As Ed Hutchinson a researcher at the MRC-University of Glasgow Centre for Virus Research puts it: “In the mayhem of the pandemic, vast amounts of information are being produced.” Much of that information is being shared on preprint servers and has not yet undergone peer review. So when a new study with potentially significant findings about a variant’s infectiousness or ability to evade our vaccines hits these servers, experts evaluate those data carefully.
C&EN spoke with a dozen scientists to understand how to respond to this changing landscape as we watch science happen in real time.
How do scientists in a lab study whether vaccination or a previous infection will protect us against a new variant?
Scientists use multiple types of lab tests to judge how well our immune systems will protect us from new variants. These tests typically involve taking antibodies from the plasma of people who are fully vaccinated or who recovered from COVID-19 and seeing how well they fight a new virus variant.
The simplest tests measure how well those antibodies bind to an isolated part of the coronavirus, such as the spike protein, which the virus uses to enter cells. Other tests gauge how well the antibodies prevent synthetic mimics of the coronavirus, called pseudoviruses, from infecting cells in a petri dish.
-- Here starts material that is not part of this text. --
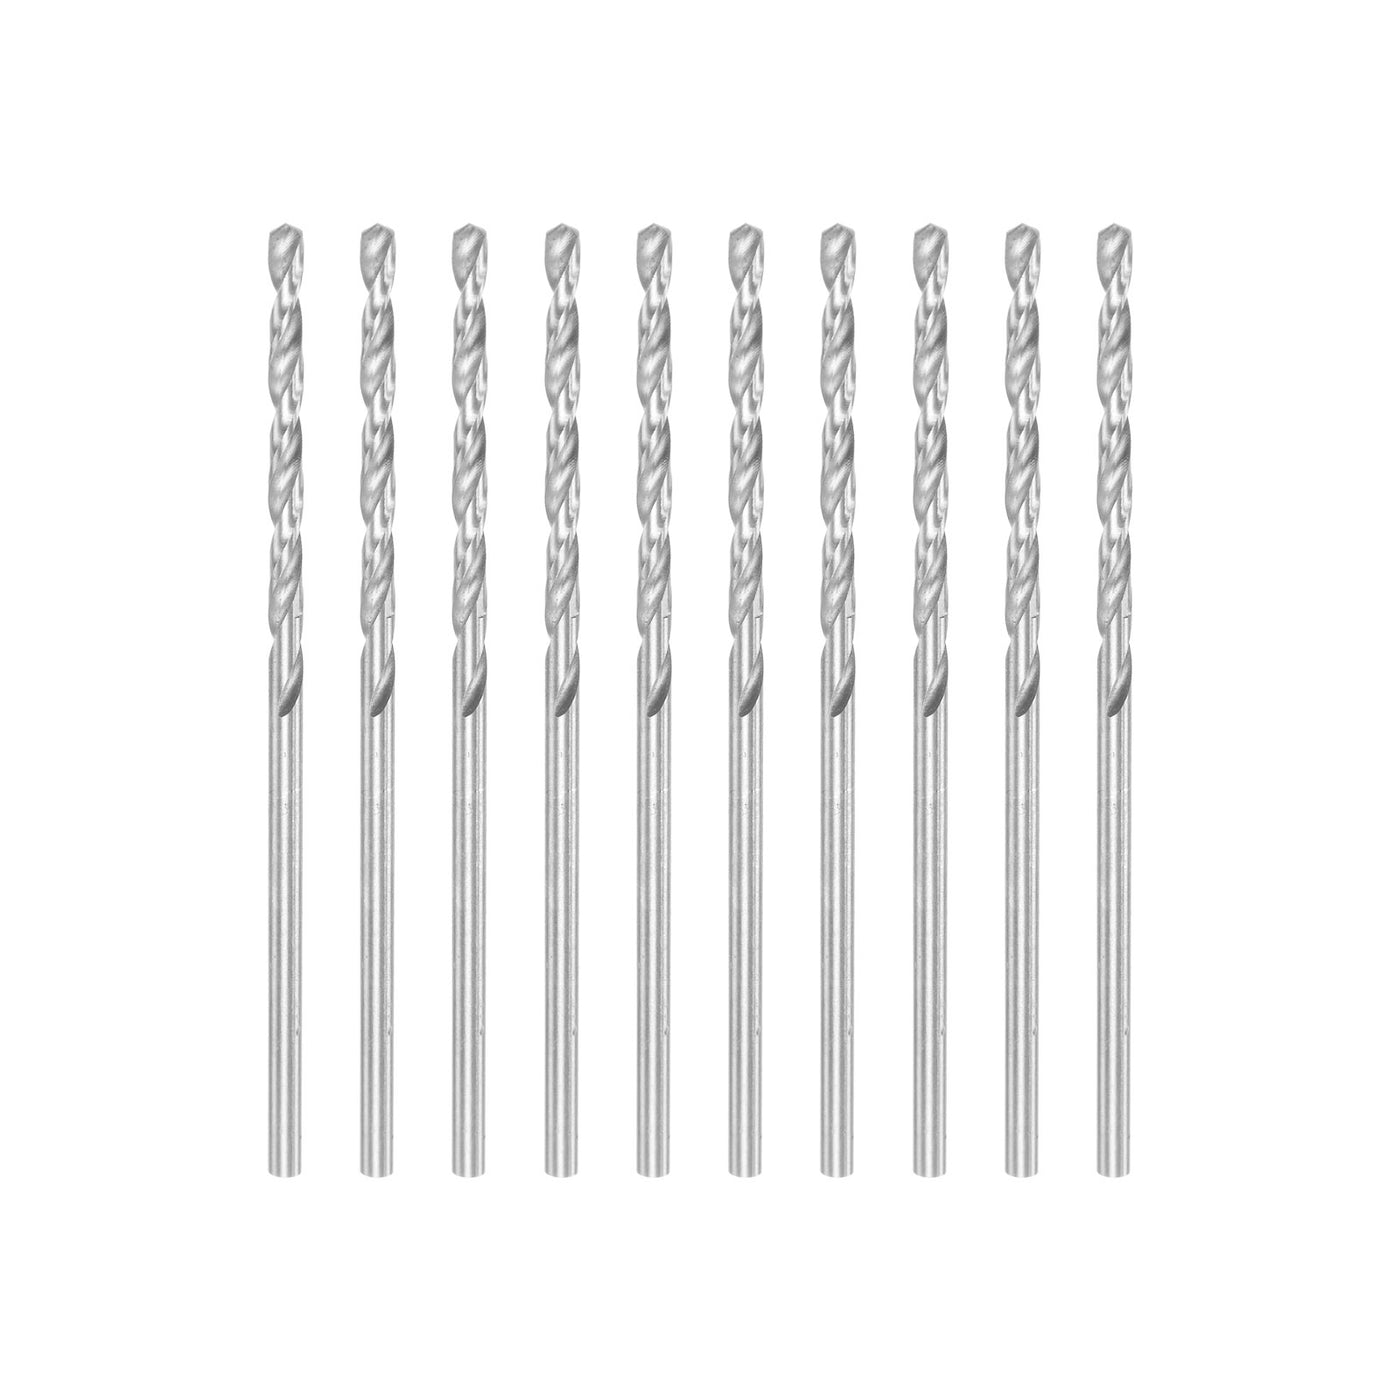 uxcell Uxcell 10 Pcs 2.05mm High Speed Steel Drill Bits, Fully Ground 59mm Length Drill Bit

The gold standard is to check how well the antibodies prevent live SARS-CoV-2 from infecting cells, but such experiments can be conducted only in high-security labs with strict safety protocols. “The process is laborious but not hard,” says Thomas Oguin III, who manages the virology unit that runs these studies at Duke University’s Regional Biocontainment Laboratory.
The lab tests that mix viruses and antibodies, called neutralization assays, help researchers predict if we have enough of the right kinds of antibodies to prevent infection. But what happens in the lab isn’t necessarily what will happen inside the body. “In order to make the assay work, we are simplifying the complexity of a natural infection enormously,” Hutchinson says. “But this is still really important because it means that we can make rapid and effective assessments of large numbers of variants quickly.”
What makes a variant more infectious, and how do scientists determine how infectious a new variant is?
Viruses can evolve to be more infectious in several ways. Mutations in the coronavirus spike protein can give the virus a tighter grip on our cells, enabling a smaller amount of virus to start an infection. Other mutations may help the virus reproduce more quickly or in greater quantities, increasing the chance that an infected person will spread the virus to someone else.
A more infectious virus doesn’t necessarily make people sicker, but it does infect more people, making outbreaks harder to control. That’s what we’re seeing with Delta, says Priyamvada Acharya, a researcher at the Duke Human Vaccine Institute. Neutralizing antibodies still stop that variant, albeit not as well as the original virus. But Delta’s boost in how easily it can spread and infect someone is driving the increase in case numbers and breakthrough infections in vaccinated people.
In fact, Delta spreads more easily than Beta, even though neutralization assays show that the Beta variant is better at evading our neutralizing antibodies than the Delta variant.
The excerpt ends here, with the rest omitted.